Many of the 16,500 artifacts in 23 British institutions, revealed this past weekend by a Toronto Star investigation, have not been accessed by native Canadians in hundreds of years.
The 31 human remains identified as possibly Canadian could be returned using the new U.K. Human Tissue Act.
But there is no legal basis for the return of 182 items from graves and hundreds of sacred ceremonial objects held in Britain.
Now a handful of British curators are approaching Canadian native communities in what has been described as a "caring and sharing" approach. Laura Peers, curator of the Americas collection at Pitt Rivers Museum, University of Oxford, helped write the first protocol agreement between a British institution and a First Nations community in Canada.
Oxford has one of the largest collections in Britain of Canadian objects, including photographs, which often have their own complex histories.
In 1925, the museum’s Beatrice Blackwood took 33 pictures of Kainai people on Alberta’s Blood Indian Reserve. Peers and Alison Brown from the University of Aberdeen took copies of the photographs back and set up a formal working relationship so everyone could learn from the history of the community and how it was studied 75 years ago.
Peers, originally from Uxbridge outside Toronto, said there has been little contact between British museums and Canadian communities until recently, often hundreds of years after objects were acquired from indigenous peoples. "We took images back to the Kainai and worked with community members to learn the meanings of images and identify people in the images," she said.
"We wanted to see what photos like these would mean to the Kainai people. This was part of aseries of experiments I’ve been conducting to see what we can do with collections here with communities overseas.
"The Kainai are unique because they have the Mookaakin Cultural and Heritage Foundation that acts to mentor outside researchers. They suggested a device called a protocol agreement, which spelled out expectations on both sides and asked us to work under guidance with this group and they had the responsibility to read a draft copy of the book we wrote, Pictures Bring Us Messages, and it worked beautifully.

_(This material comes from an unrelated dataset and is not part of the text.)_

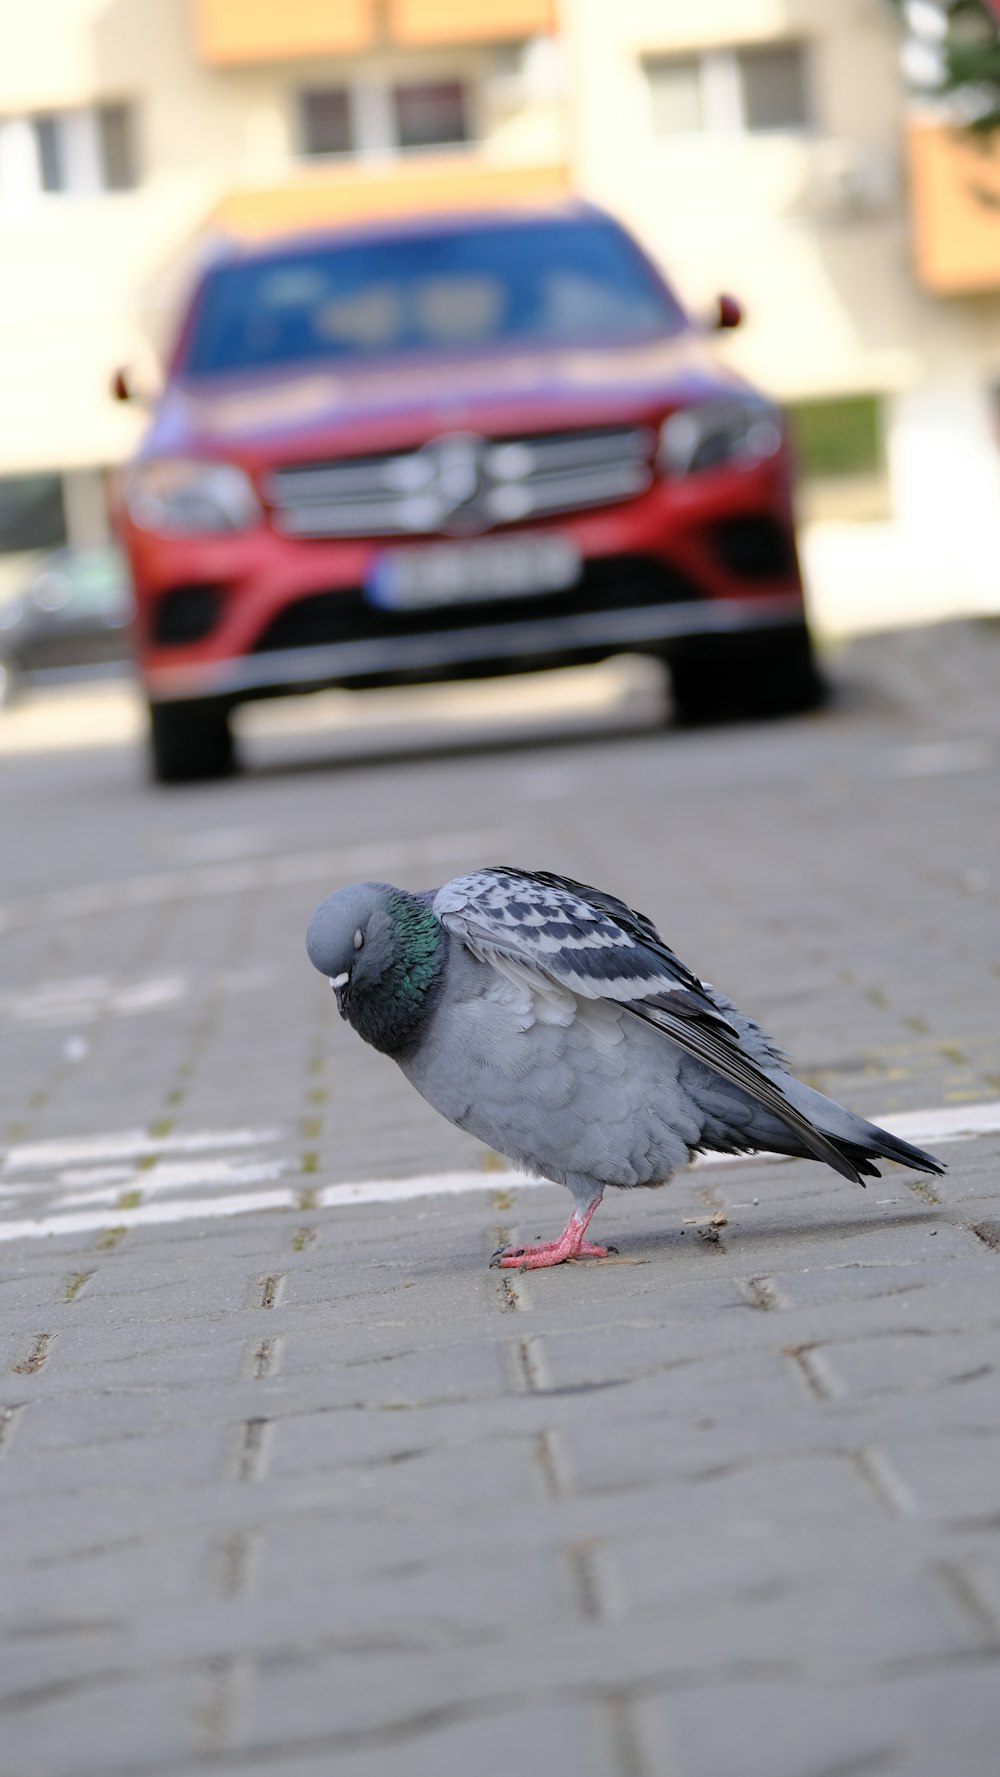 a pigeon is standing on the sidewalk next to a red car

"They never censored us in any way. It’s another part of taking control— they wanted the chance to see what we were going to say about them.There was a long process of going back, going back and going back, going over drafts, public meetings and how every single person was quoted."
She added: "After we agreed to work with them in this way, we couldn’t keep up with requests for interviews. Usually, people get thrown off reserves today if their research is not approved, or else nobody will talk to them."
But, Peers admitted, there are strong financial barriers facing Canadian communities that prevent them even visiting the objects of their ancestors in foreign museums.
"It’s white scholars who get grants to go to the U.K., and not aboriginal scholars," said Peers, 43.
"In native communities, if you’re juggling sewage infrastructure for a community versus a grant to send someone to a British museum on the tribal budget, you know what comes first."
Peers said this is where the Canadian government could be more active in making funds available to native students to travel.
Scholarships could allow indigenous youngsters to visit U.K. museums and study techniques from 300 to 400 years ago that might have been lost.
She said students would be welcome to interact with the artifacts in Pitt Rivers Museum with the help of staff.
Much of the earliest material history of Canada is held in foreign museums.
A proposed project to create a digital database between British museums and Carleton University in Ottawa failed to get funding from a U.K. trust.
They said the project was "too important" and should be funded by the Canadian government, added Peers.